There were generally rivalries between adjacent houses and other halls of residence, these were contested in sporting events such as football as each halls of residence generally have a team. Football matches are held each Wednesday and the occasional Saturday (for cup matches).

Owens Park Students' Association (OPSA) organised leisure and sporting activities, and was run by a committee formed of students who lived the hall.

==Notable residents==
Radiohead guitarist Ed O'Brien was a resident during his time at university in Manchester, as was Rik Mayall. The Chemical Brothers played their first gig at the Owens Park BOP. The comedian Jack Whitehall also lived in the Tower, where also the actor Benedict Cumberbatch stayed. Other residents included Peter Hammill and Chris Judge Smith who formed Van der Graaf Generator in 1967 while living there.

==The BOP==

Prior to September 2009 Owens Park BOP (Big Old Party) was a night held in Owens Park every Friday in the Owens Park tower's ballroom for students of the University of Manchester. The BOP generally had a theme and from September 2008 charged £1 entry to residents, which had caused some outrage amongst residents as previously it had been free. It had a charge of £3.50 for all other entrants. Only students were allowed to enter the BOP and a student card must have been presented upon entry.

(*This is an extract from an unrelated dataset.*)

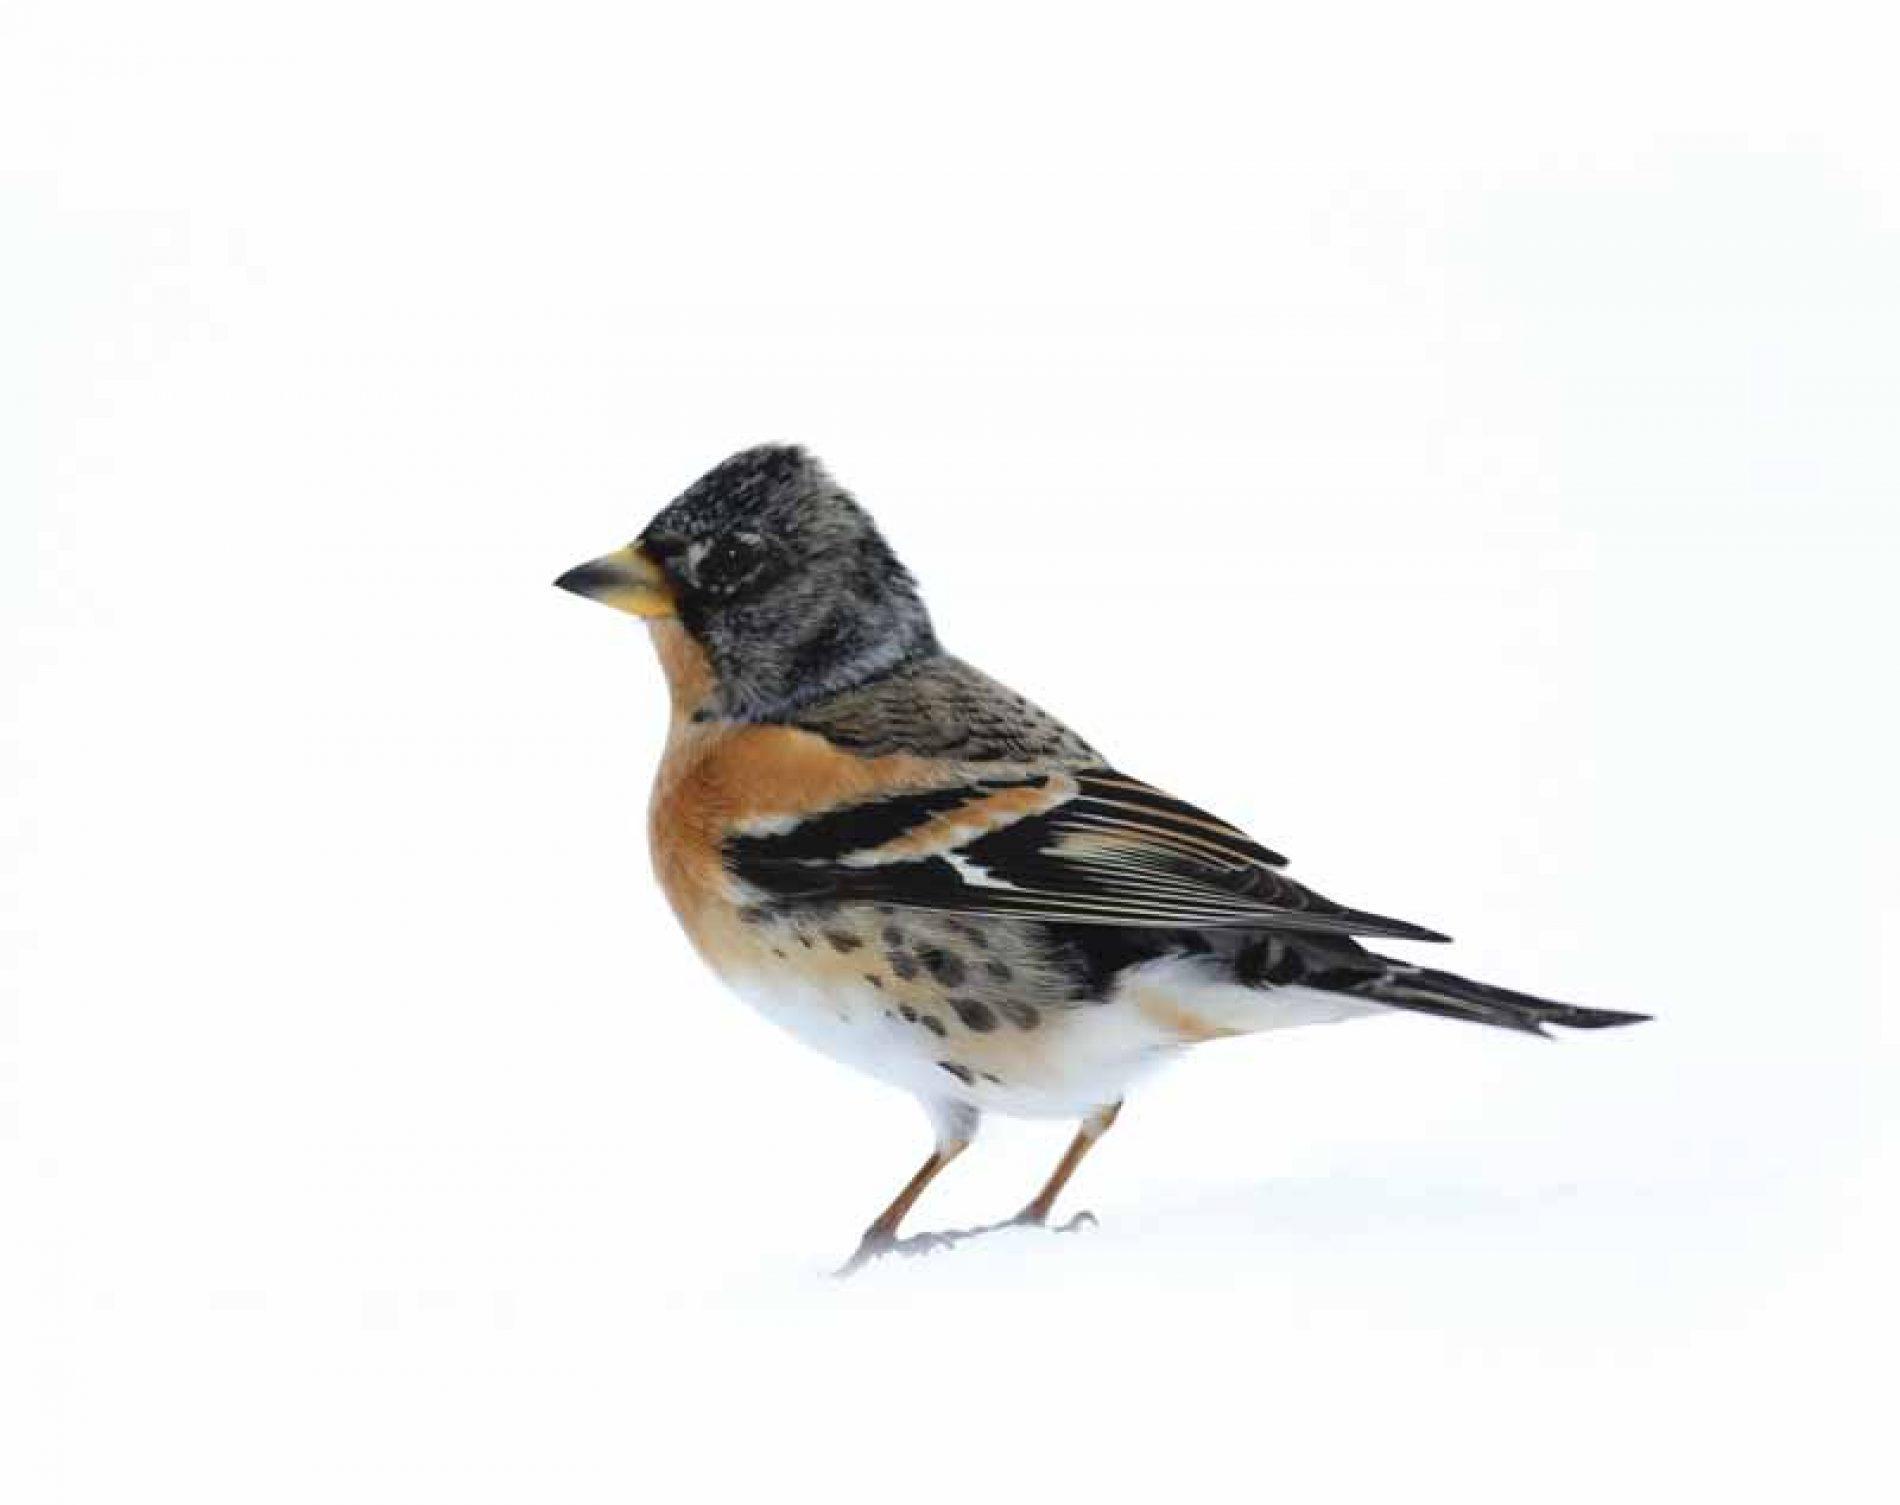 Silvestrismo, cazando aves con red y reclamo
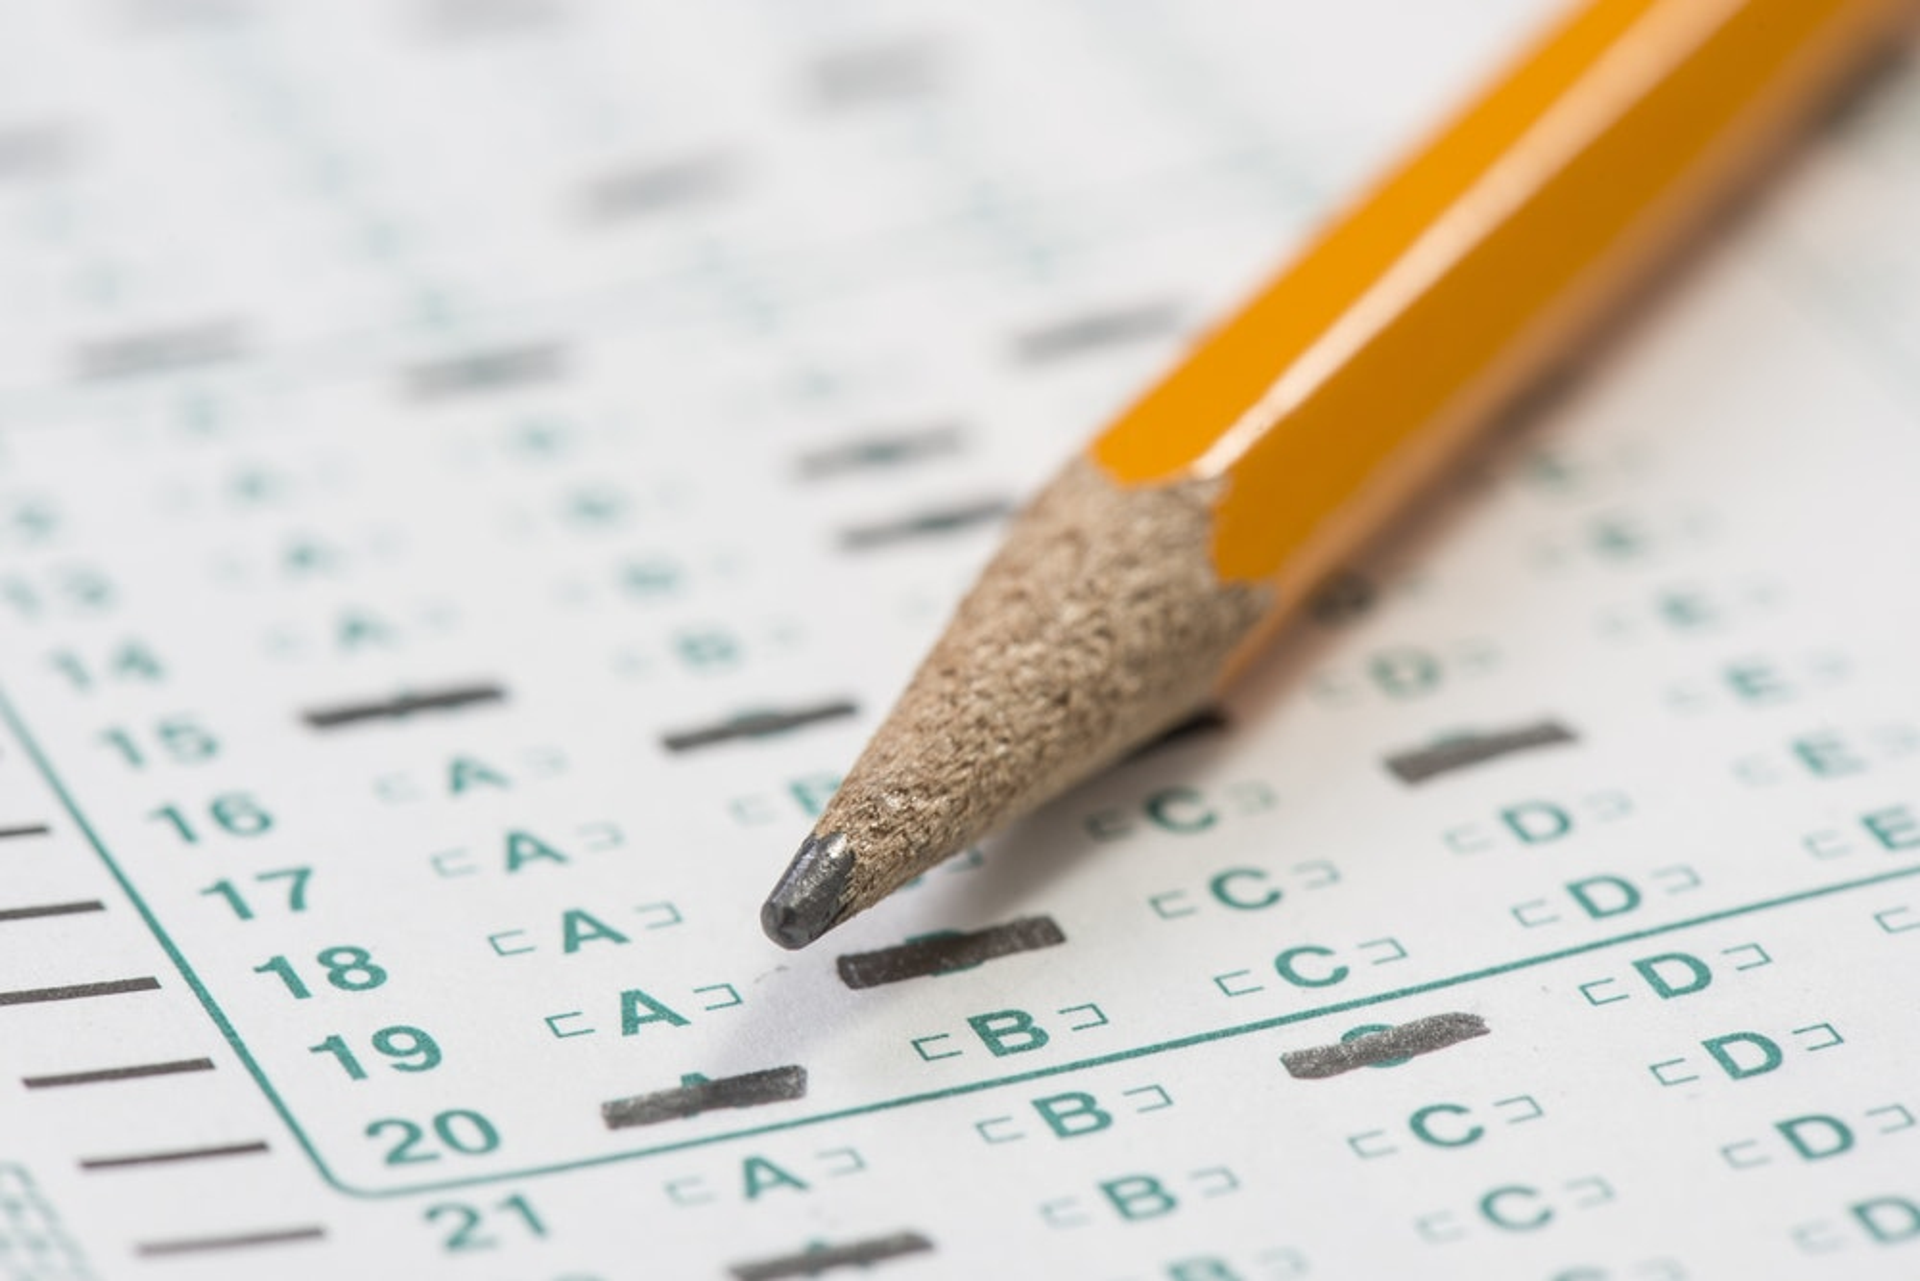 Mature age tertiary entrance examination

The BOP was a popular student night out due to its low cost of drinks and transport as most of the BOP's customers were residents of local student halls of residence. However, Owens Park residents had been known to have become disgruntled both at the terrible music often played by the DJs and the students from other halls of residence coming to the event with the large queues this created to gain access.

The BOP usually had a theme each week such as a western theme or a dead celebrity theme causing large numbers of students to dress up for the occasion.

The BOP was set out very much like a classic school disco except with the inclusion of the sale of alcohol. As a customer entered they were greeted with the main tower bar with its own DJ and a vast amount of seating; however, the main draw of the BOP lay in the large hall upstairs. Upstairs there was a second bar and a foyer-like drinking area, and next door there was a large conference hall. The large hall had a disco-like atmosphere and professional DJ on the stage, with small amounts of seating at the sides. The BOP was generally open from 8 pm till around 2 am; however, times had been known to vary.

The BOP was run by the Owens Park Student's Association Executive Committee (OPSA). The Committee is also in charge of running all other hall activities such as the pub quiz, karaoke, sports, and hall pub and club outings.

The BOP is known on a larger scale for being the venue of the Chemical Brothers' first gig.

After its 2009 move to a pub outside Fallowfield, the Jabez Clegg, attendances steadily declined. Following many rumours, the last BOP took place on 25 January 2013, bringing an end to its 25-year run.